◆ **Data excerpt**:
•••••
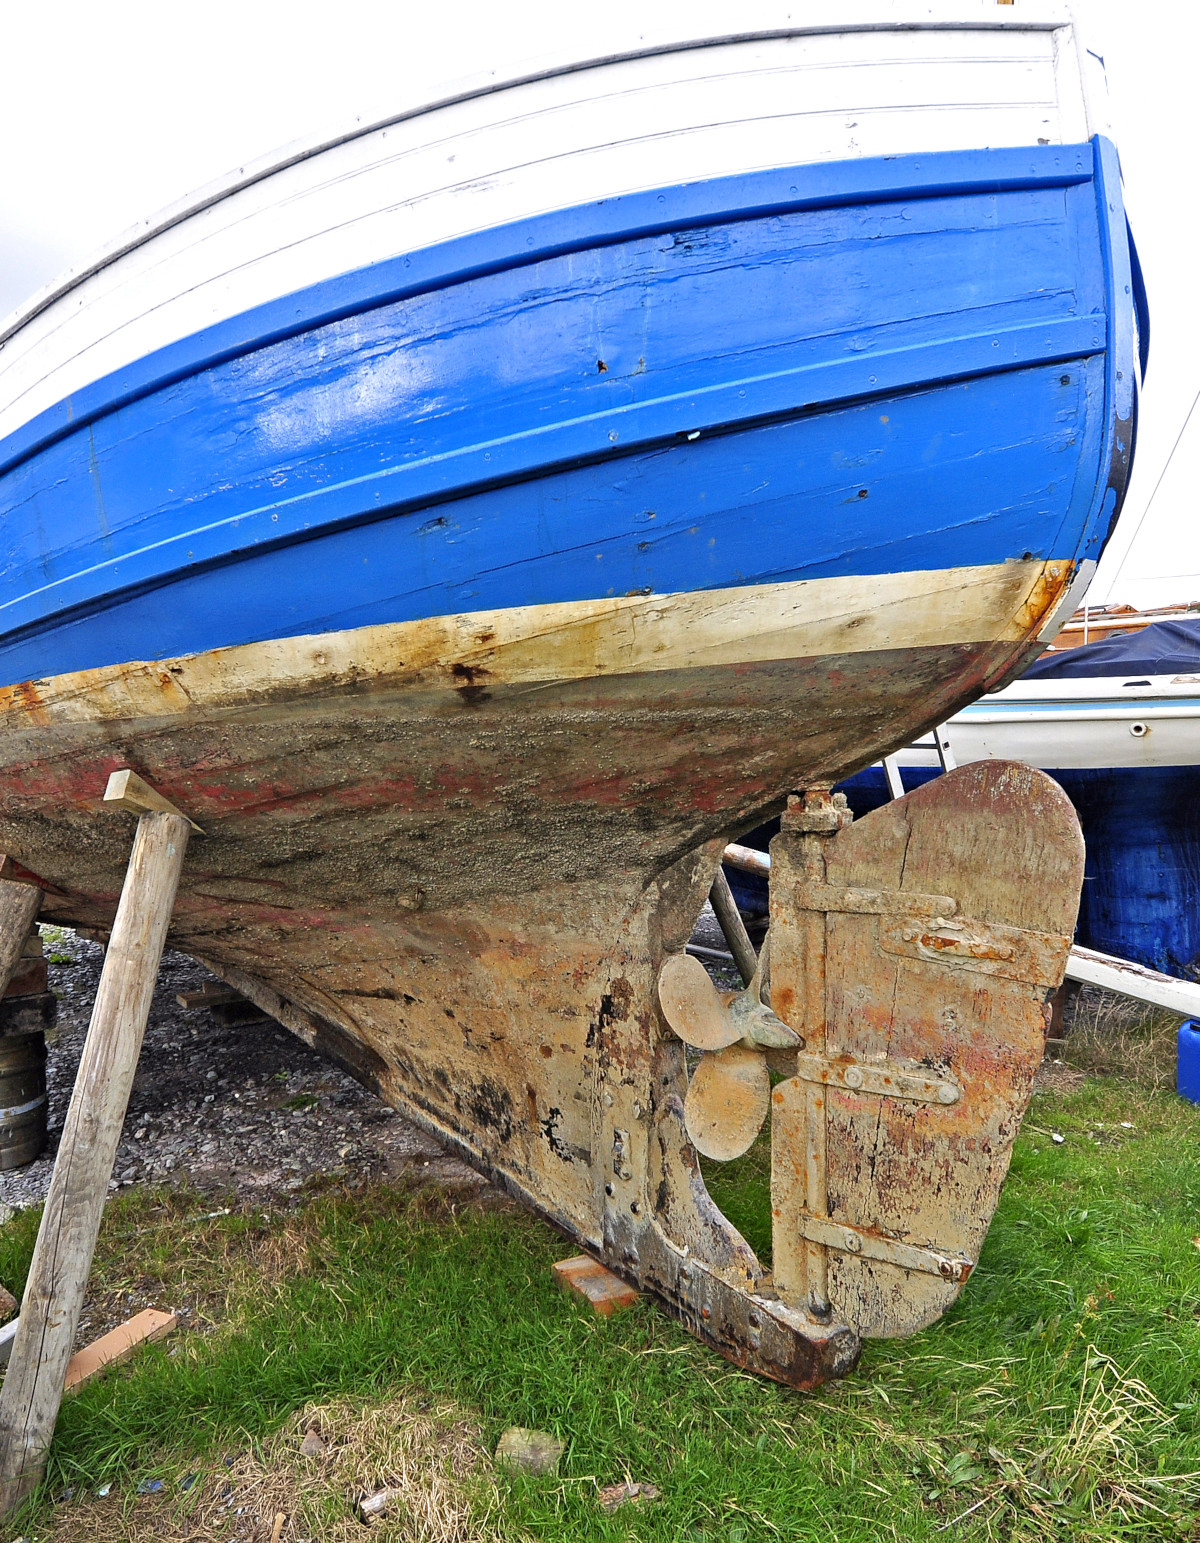 Fishing boats for sale - Scotland
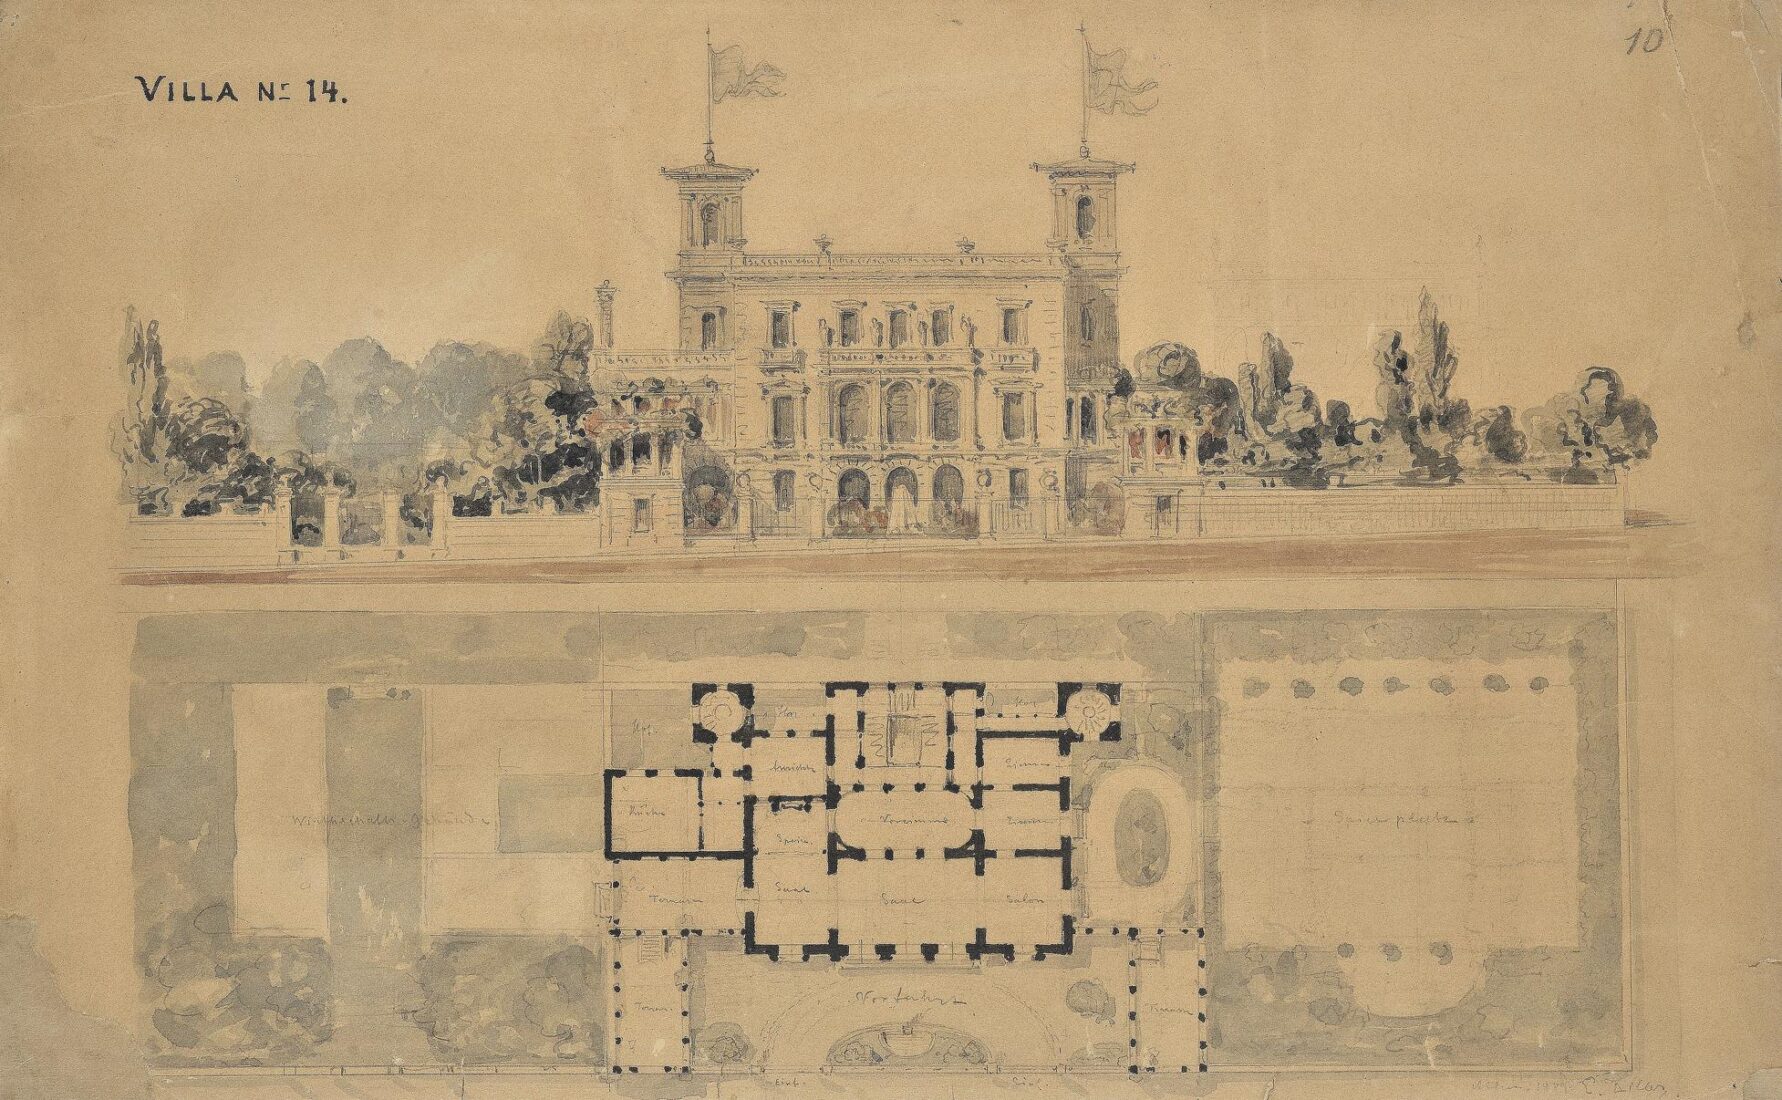 Mansion with two Towers (Project for a palace?), Main Facade, Floor Plan and Garden with Playground and Auxiliary Building
right: Spielplatz, left: Wirtschaftsgebaude, Vorfahrt
[Villa Νο. 14] - Ziller Ernst
•••••
Output the data above exactly; pictures do not belong in the copy.

◆ **Result of the exercise**:
 Fishing boats for sale - Scotland
 Mansion with two Towers (Project for a palace?), Main Facade, Floor Plan and Garden with Playground and Auxiliary Building
right: Spielplatz, left: Wirtschaftsgebaude, Vorfahrt
[Villa Νο. 14] - Ziller Ernst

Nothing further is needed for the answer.